**Records shown:**
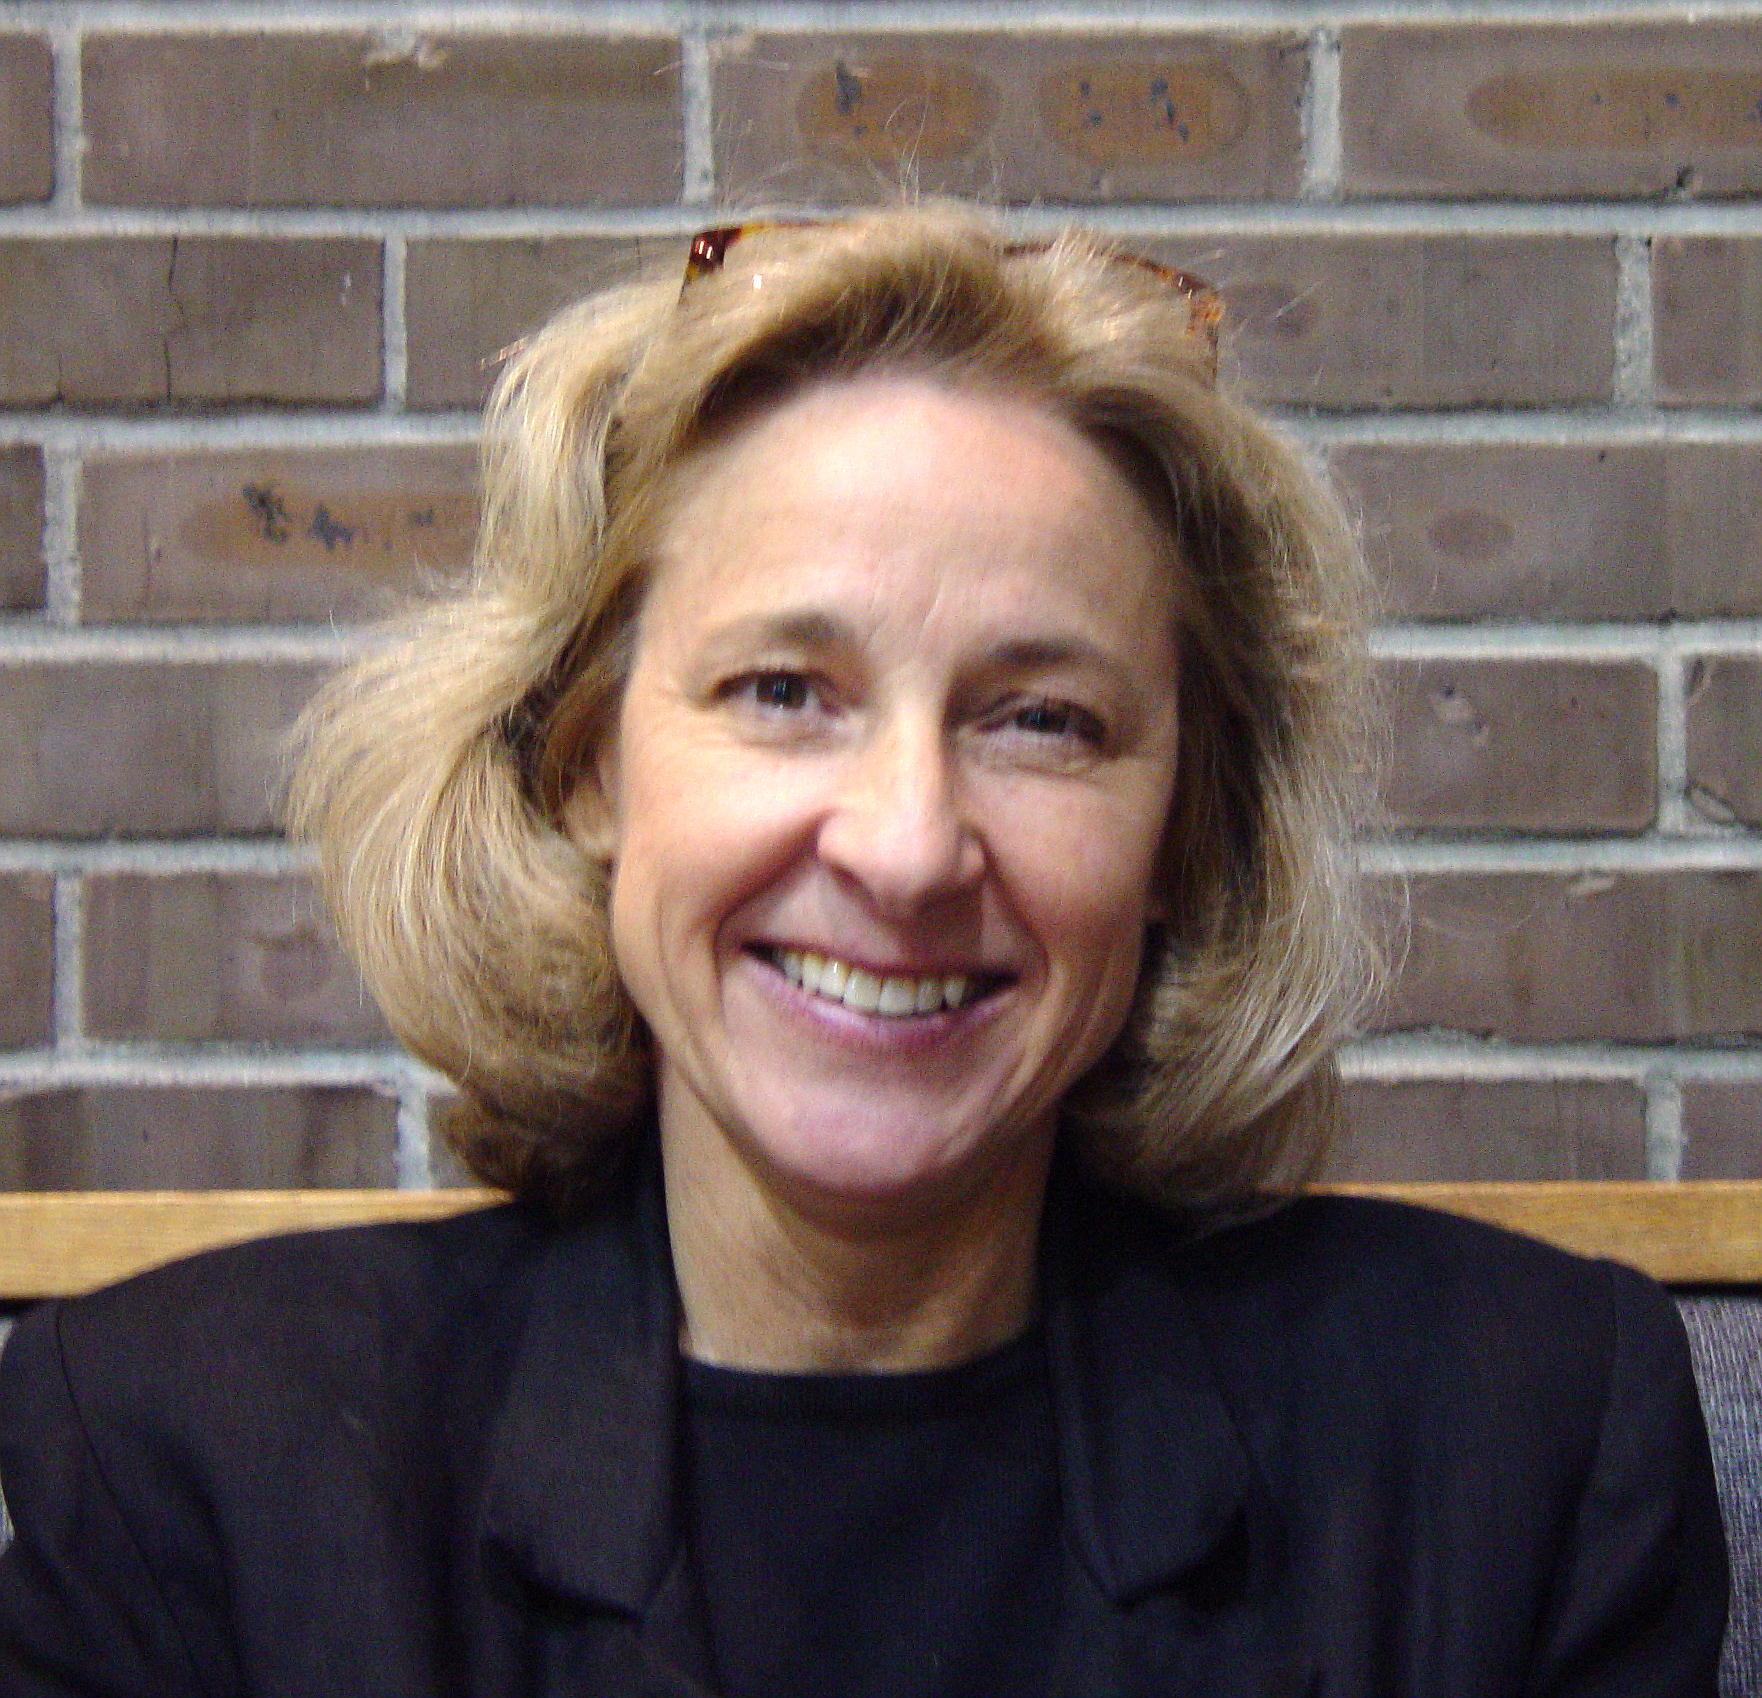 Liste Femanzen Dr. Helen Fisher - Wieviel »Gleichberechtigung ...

==

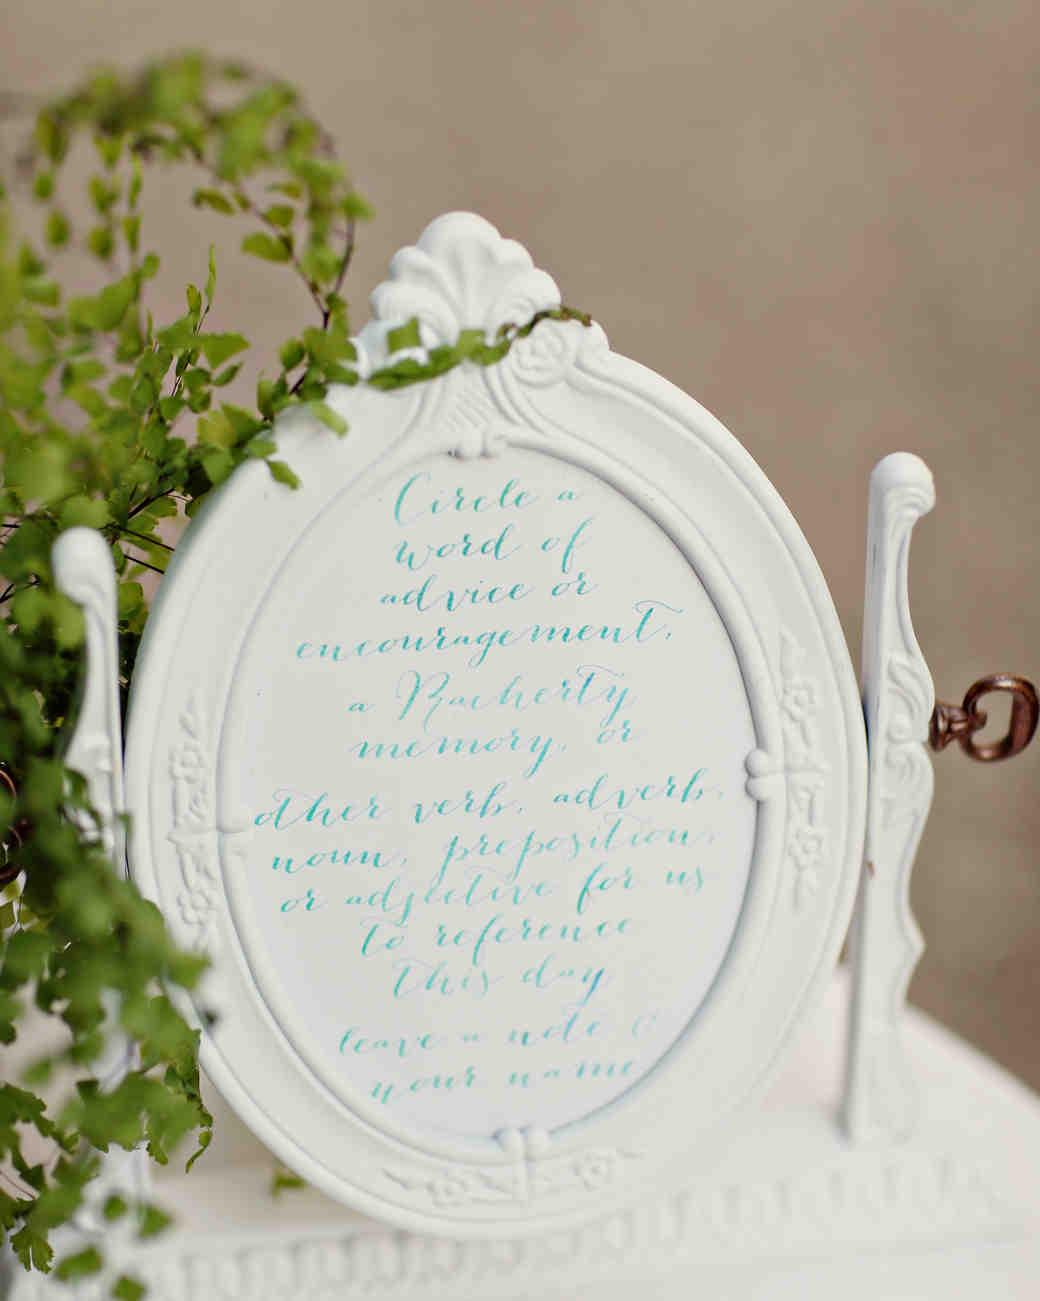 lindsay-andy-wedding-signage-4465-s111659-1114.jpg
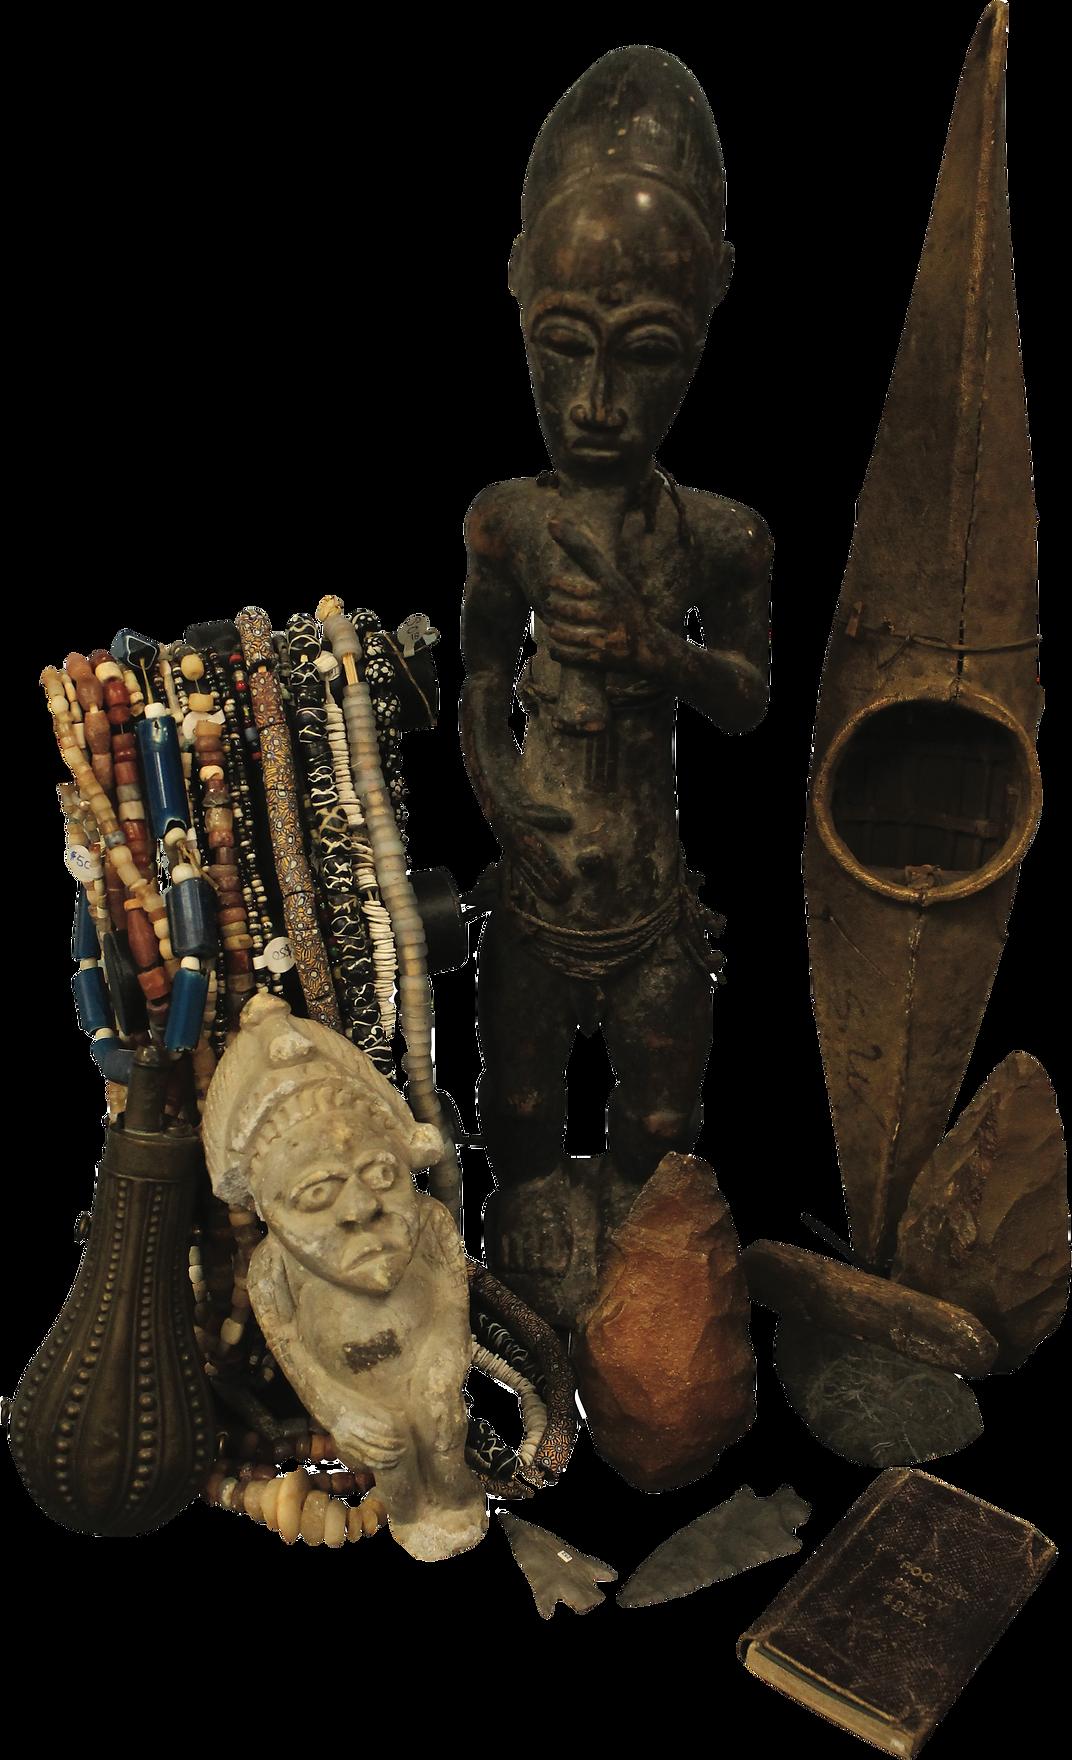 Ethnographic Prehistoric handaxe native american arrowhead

**Task requirements:** Would you please repeat only the lines above, beginning at the one that has "lindsay-andy-wedding-signage-4465-s111659-1114.jpg" and stopping after the one that has "Ethnographic Prehistoric handaxe", exactly and with no pictures?

**Solution for this problem:**
 lindsay-andy-wedding-signage-4465-s111659-1114.jpg
 Ethnographic Prehistoric handaxe native american arrowhead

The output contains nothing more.